[Aim of the task] Starting from the line with "Eco Volcano Microwave Cleaner + '-' + 372018", please copy exactly every line to the end of the listing, but not the pictures.

[Dataset section]
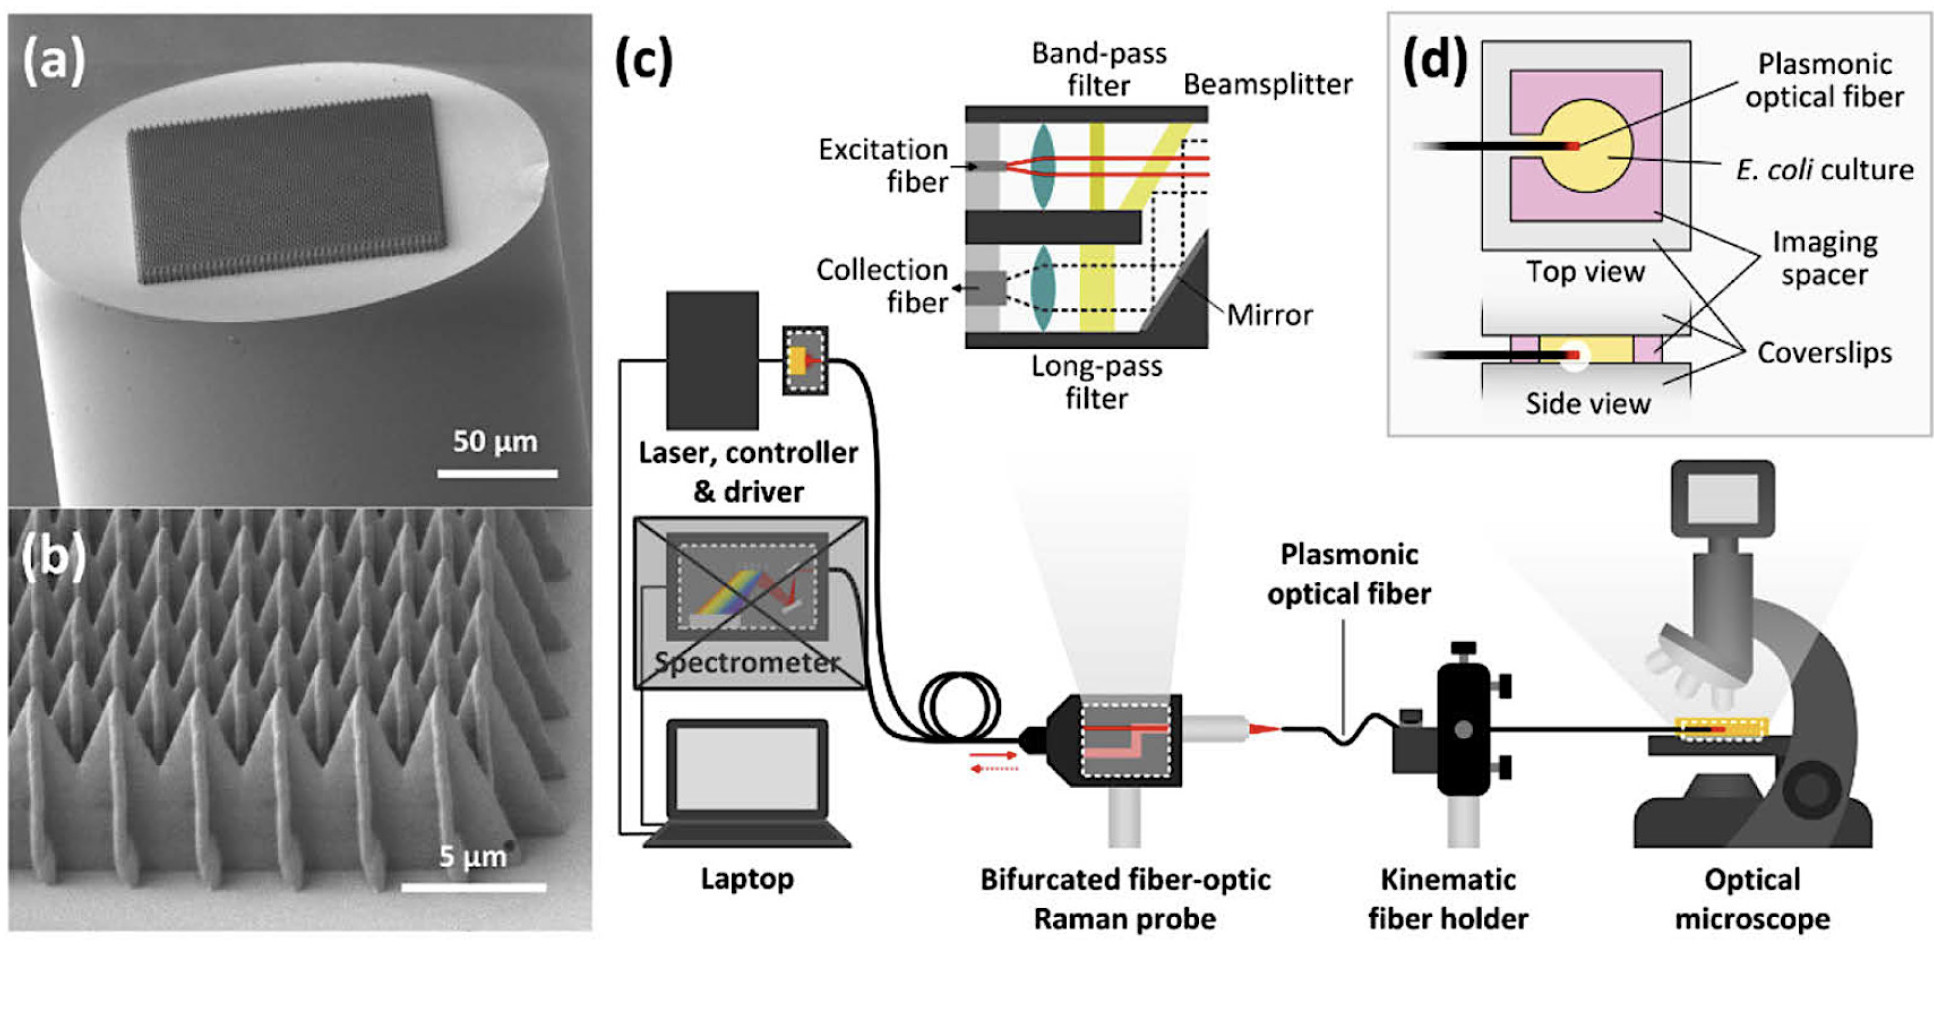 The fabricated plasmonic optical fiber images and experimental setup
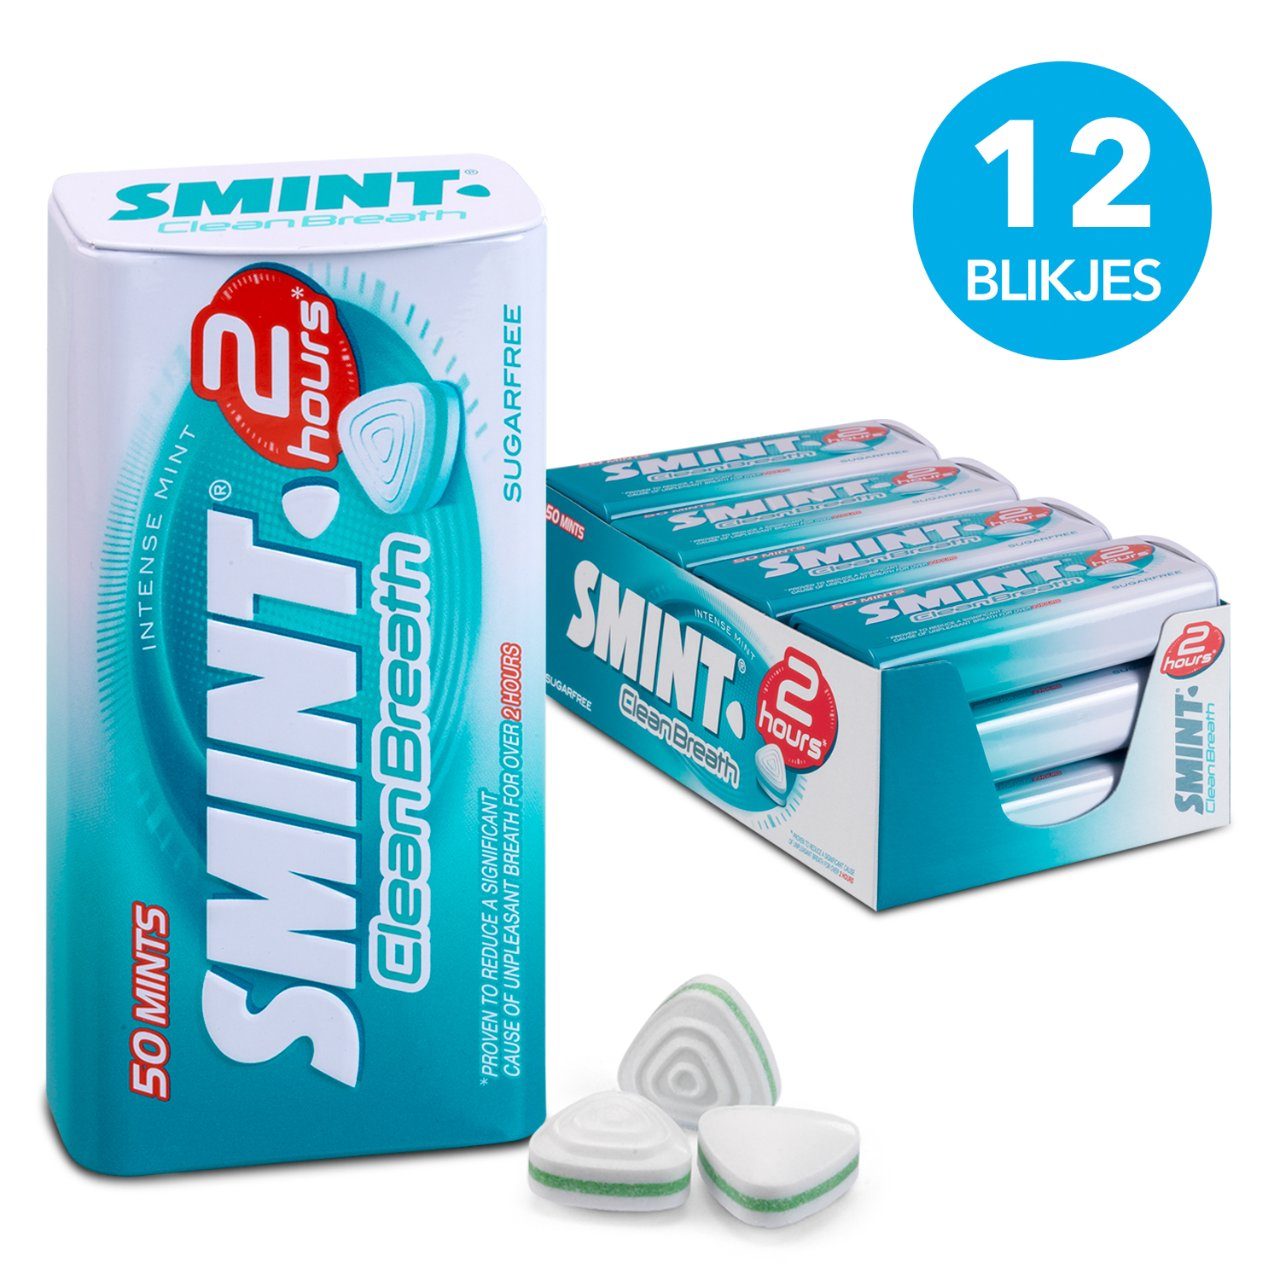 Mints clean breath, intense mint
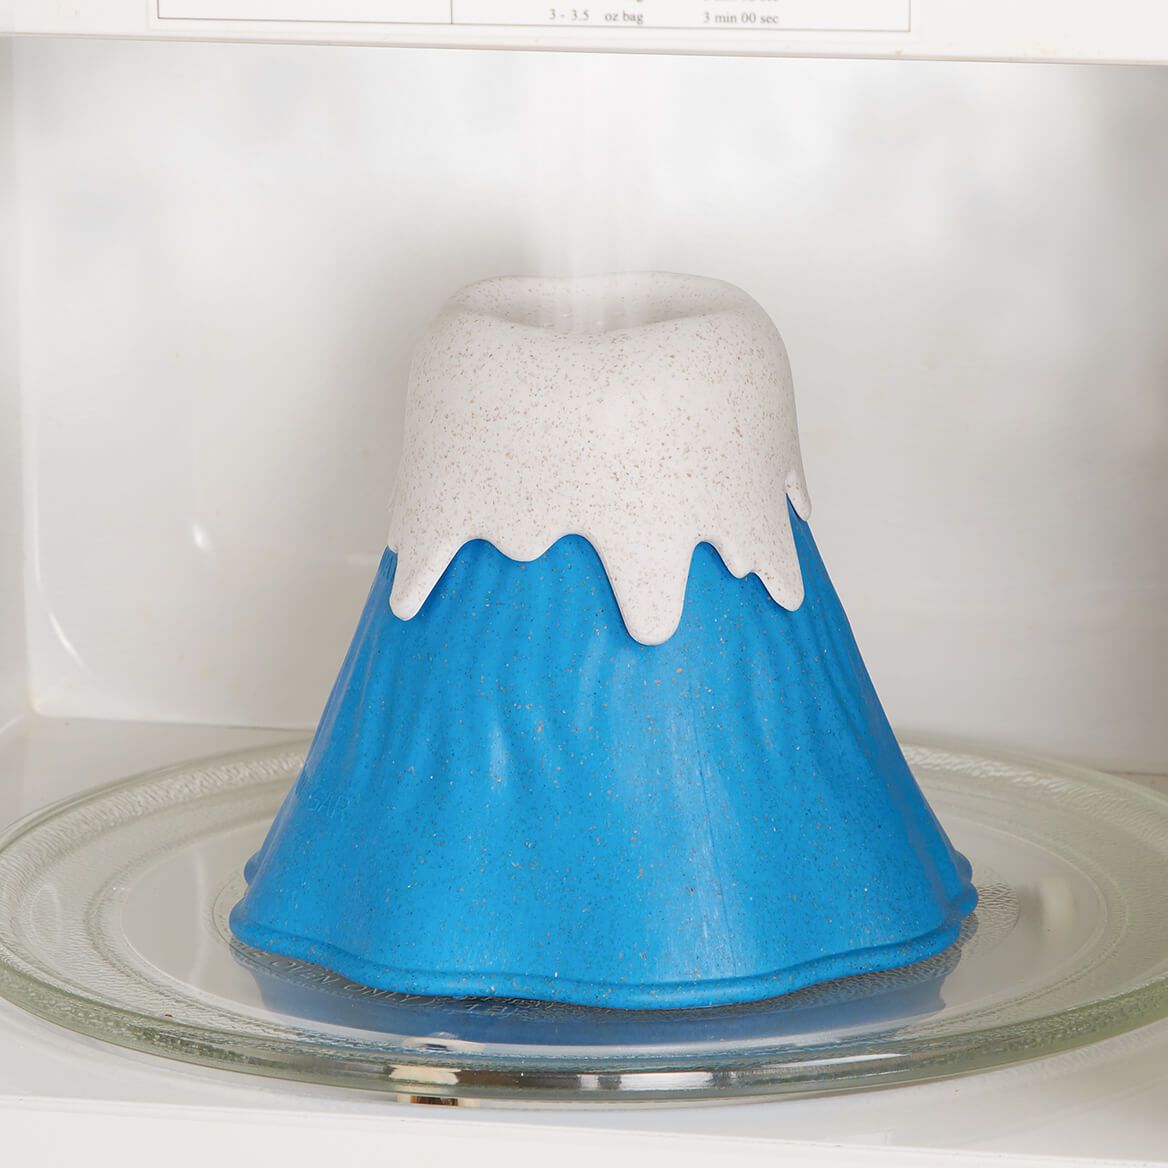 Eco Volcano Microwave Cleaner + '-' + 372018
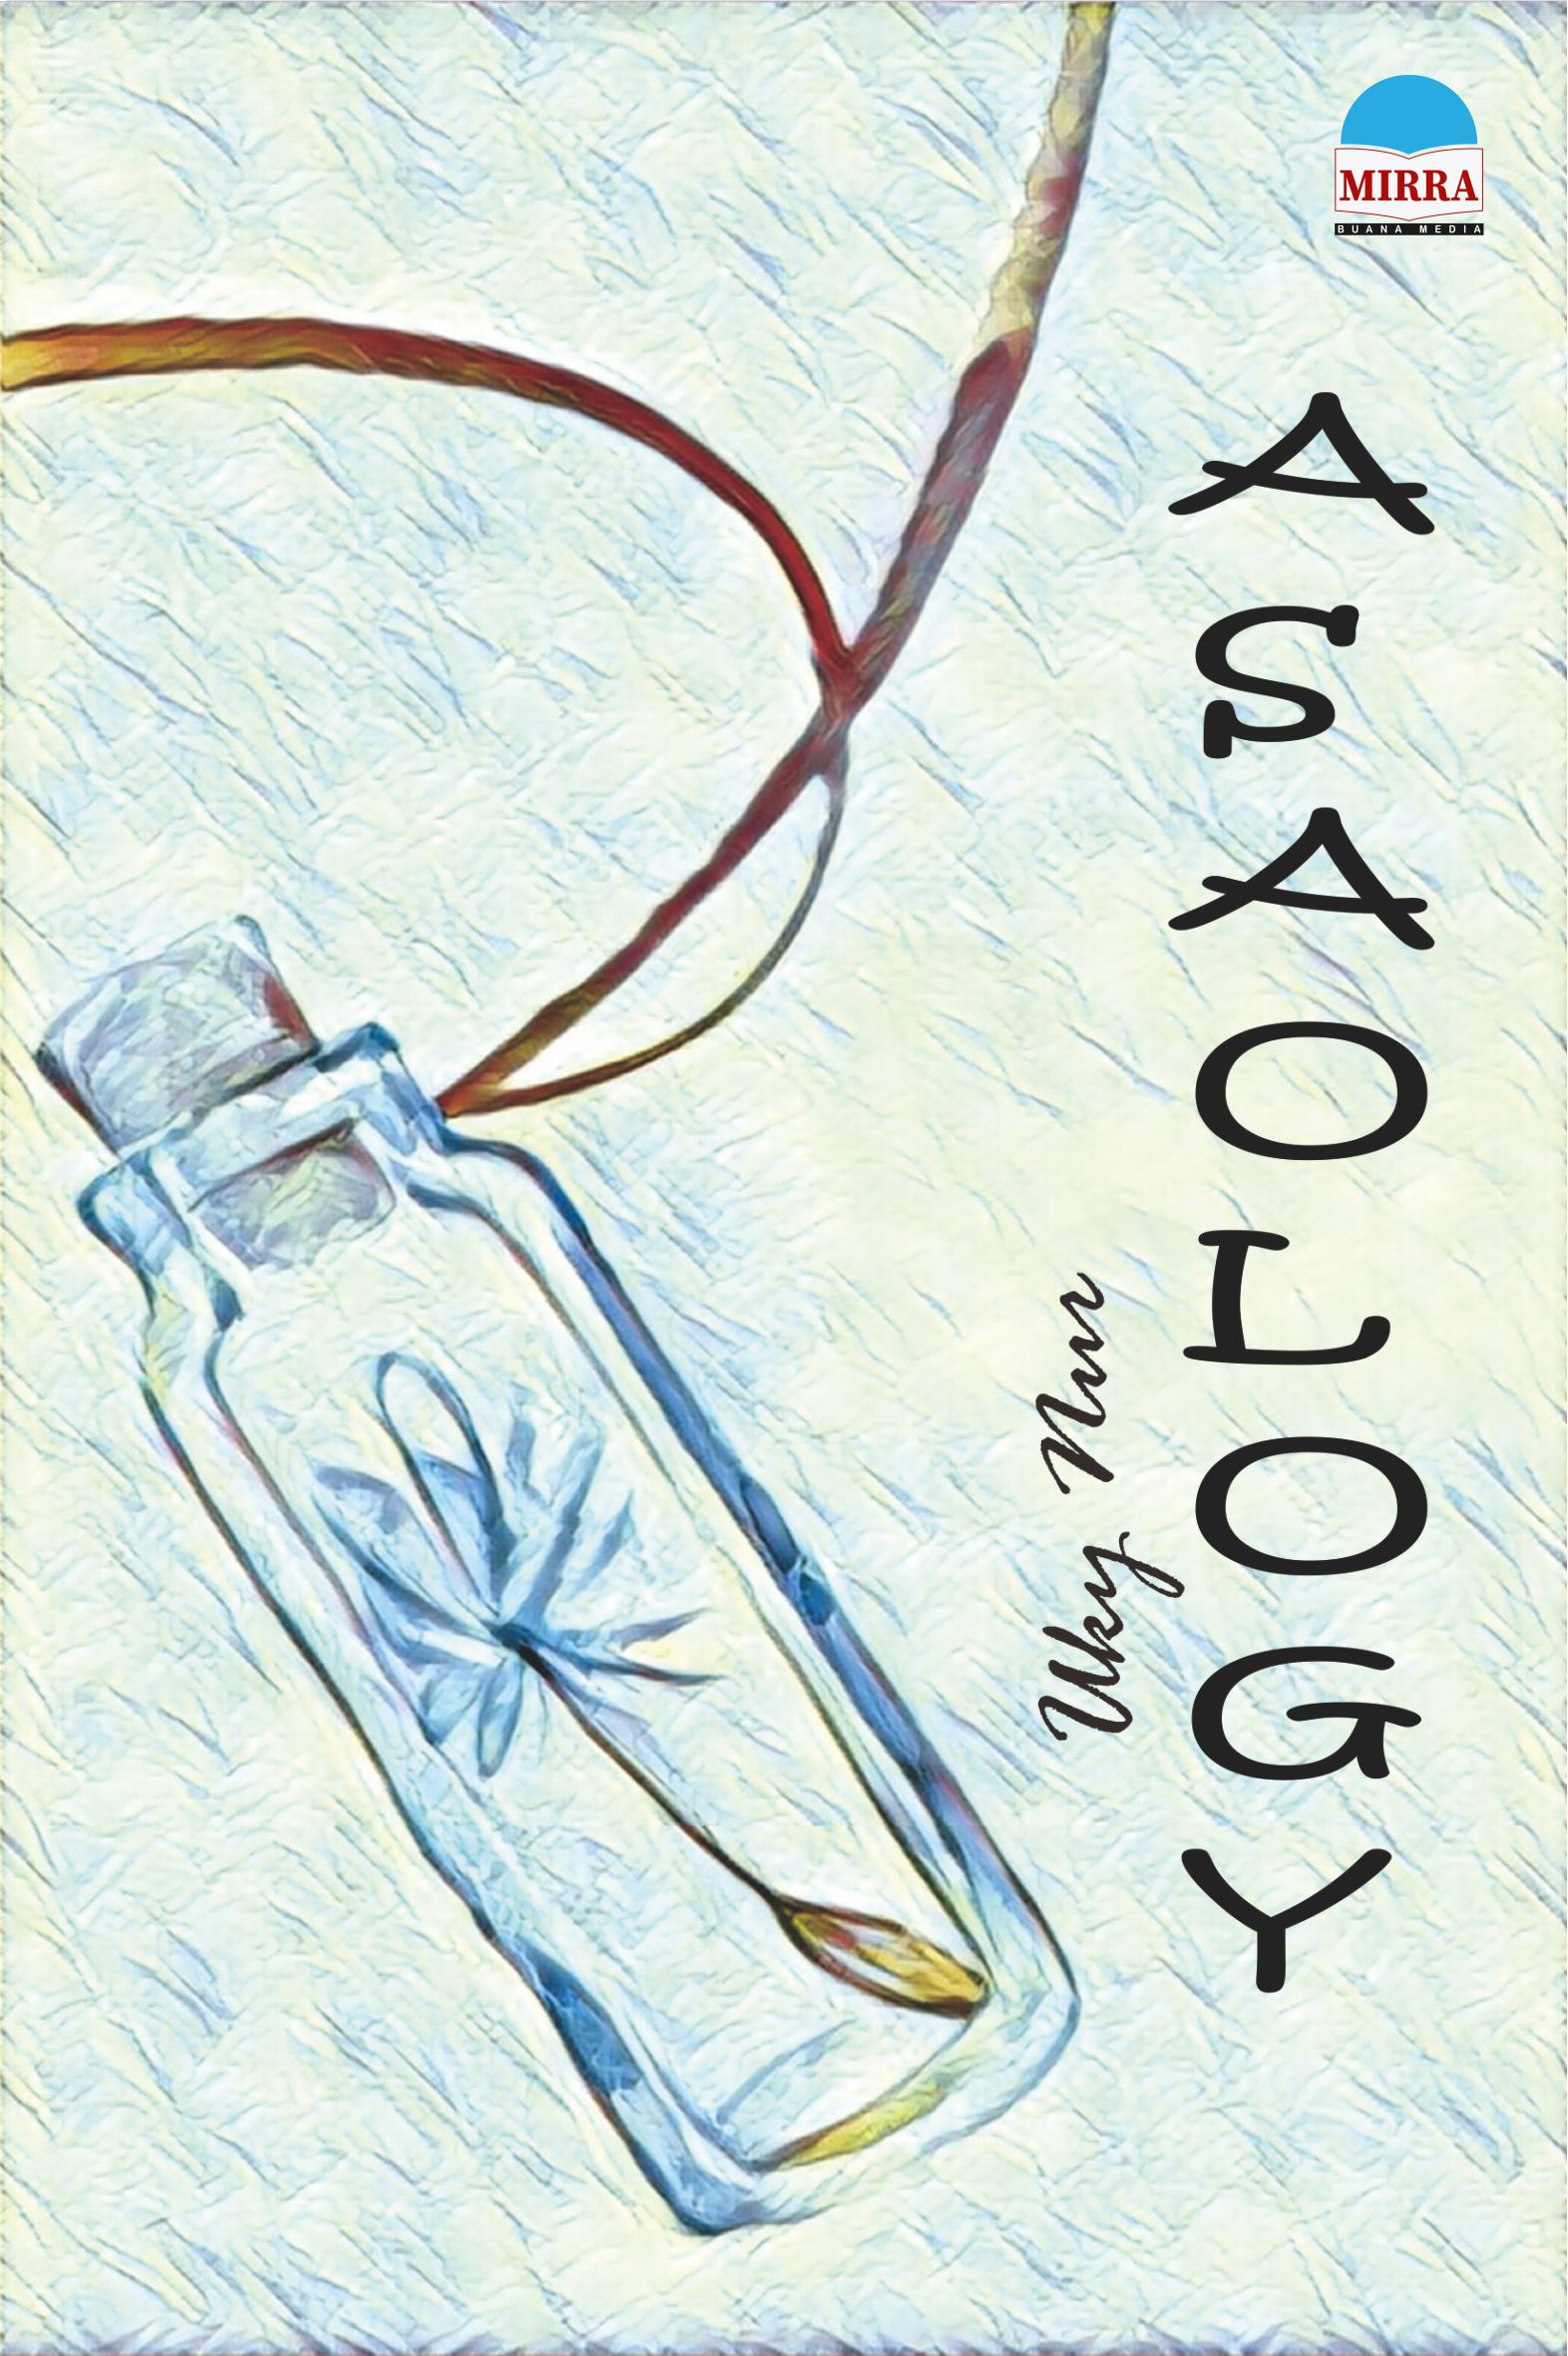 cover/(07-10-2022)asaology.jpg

[Answer box]
 Eco Volcano Microwave Cleaner + '-' + 372018
 cover/(07-10-2022)asaology.jpg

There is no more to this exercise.